Robert Pringle’s Viewpoint: ECB needs to play ‘chicken’ to force reform of Europe’s banks

robert-pringle

Christine Lagarde, managing director of the International Monetary Fund (IMF), was right to use a speech before the start of the annual meetings to call for more rapid progress in financial sector reform. The current model remains ‘dysfunctional'.

Yet five years after the worst of the crisis, the search for a more viable model is, as Lagarde said, ‘mission not accomplished'. Progress is stymied not only by the complexity and delay (a euphemism for bank lobbying?) but also by growing divergence in regulatory approaches.

"We have already seen some evidence of discrepancies in capital requirements. Different countries have also taken different approaches to business model restrictions, such as the Volcker Rule in the United States," Lagarde said.

The IMF head pointed out that the economics of banking are changing and it is likely that large banks will retreat from some areas, as their business models adapt to changing circumstances. Monetary policies have bought time, but the time needs to be well used. In this it is directly comparable to IMF conditional assistance to sovereigns.

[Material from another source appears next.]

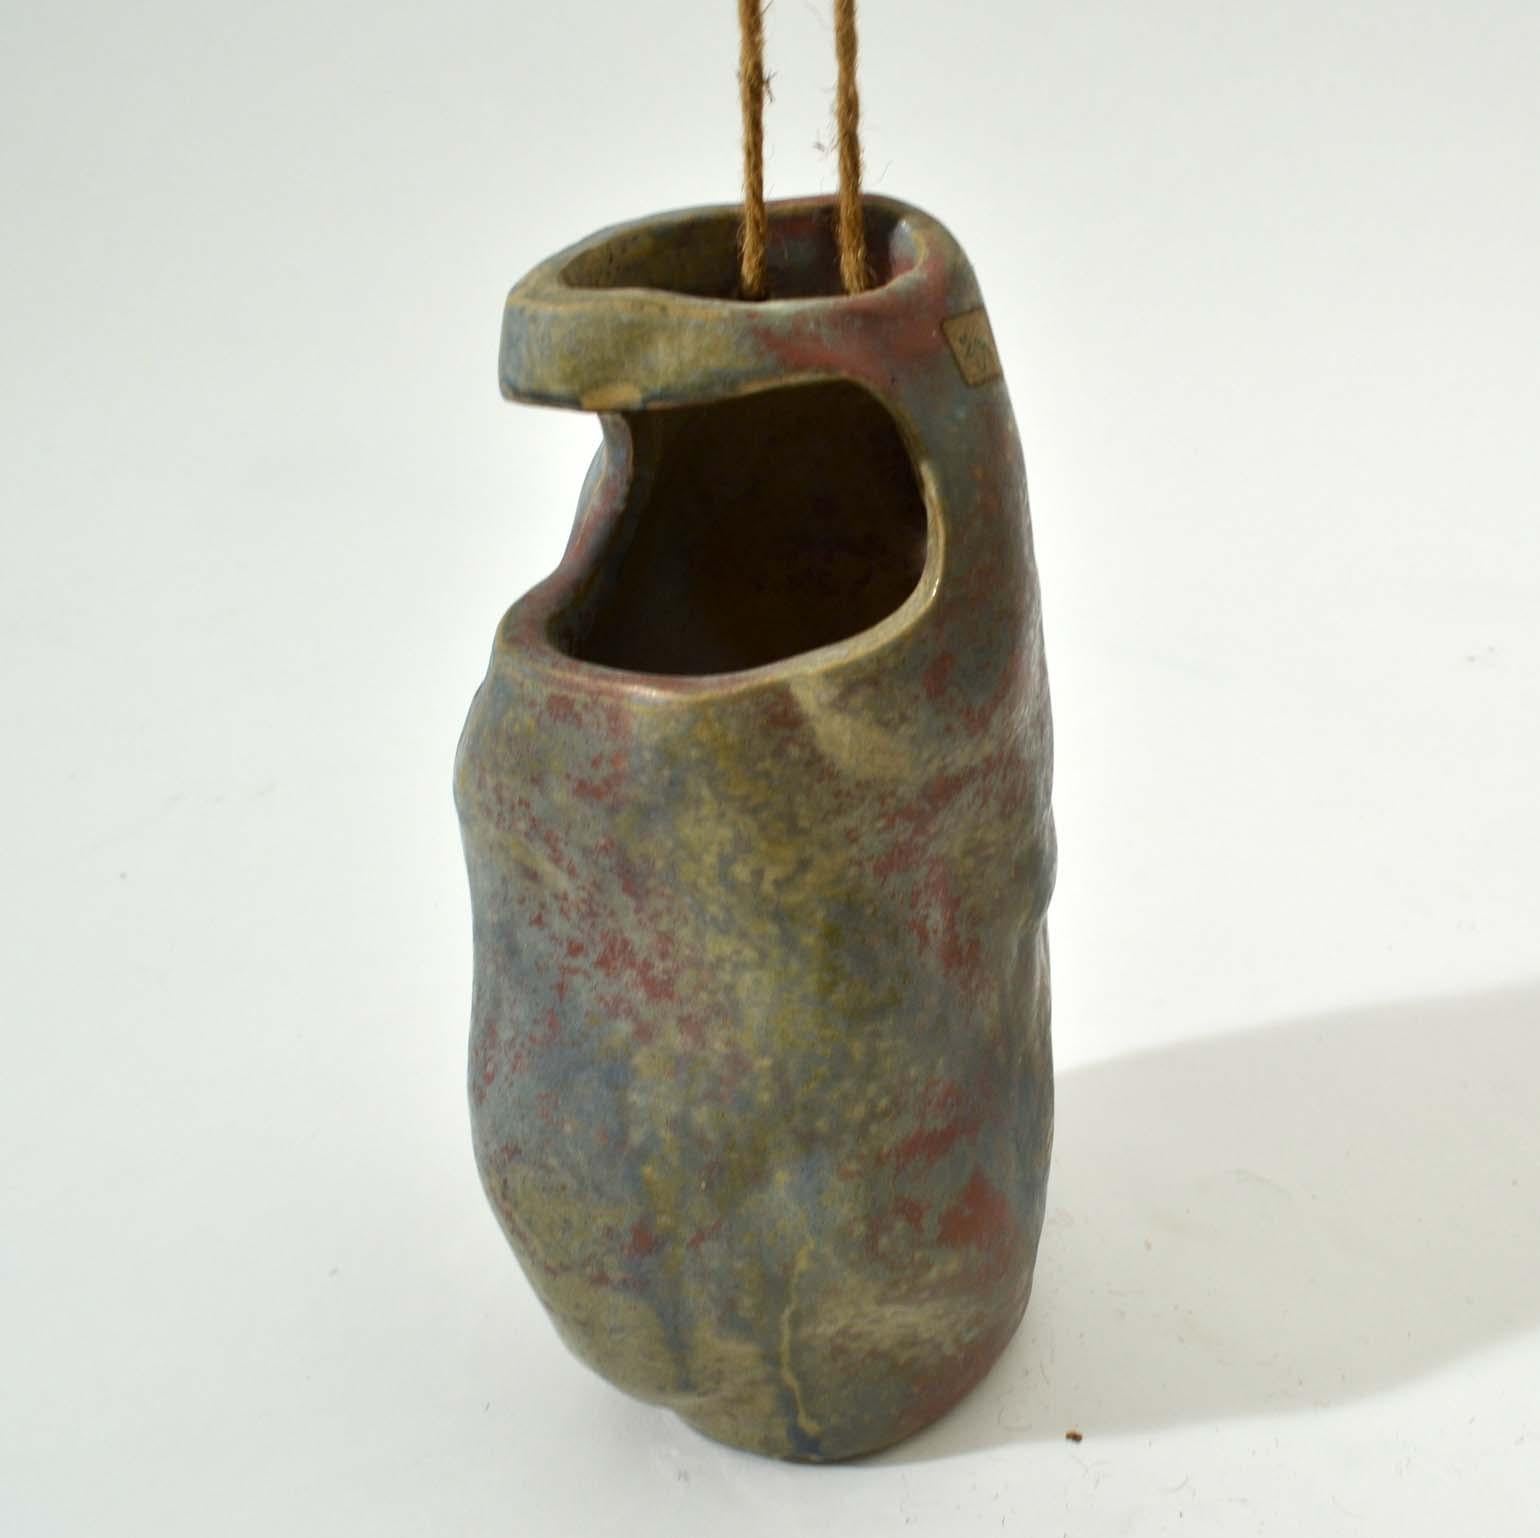 Series of Sculptural Studio Pottery 1960s Dutch Rock Shape Vases, De Olde Kruyk 5

Lagarde could have gone much further in her critique.

Measures taken during and since the crisis have in some ways made the situation worse, notably by protecting existing banking structures and slowing down needed changes. Banking nationalism is on the rise (see Nicolas Véron's Banking Nationalism and the European Crisis). All banks, good and bad, have received support, notably through the provision of ultra-cheap liquidity that they can invest longer term to earn a running yield. Much has been made of the interest rate risk. Yet if exit from quantitative easing (QE) is accompanied by a sharp rise in rates, threatening their solvency or liquidity, bankers are likely to demand that governments support them again.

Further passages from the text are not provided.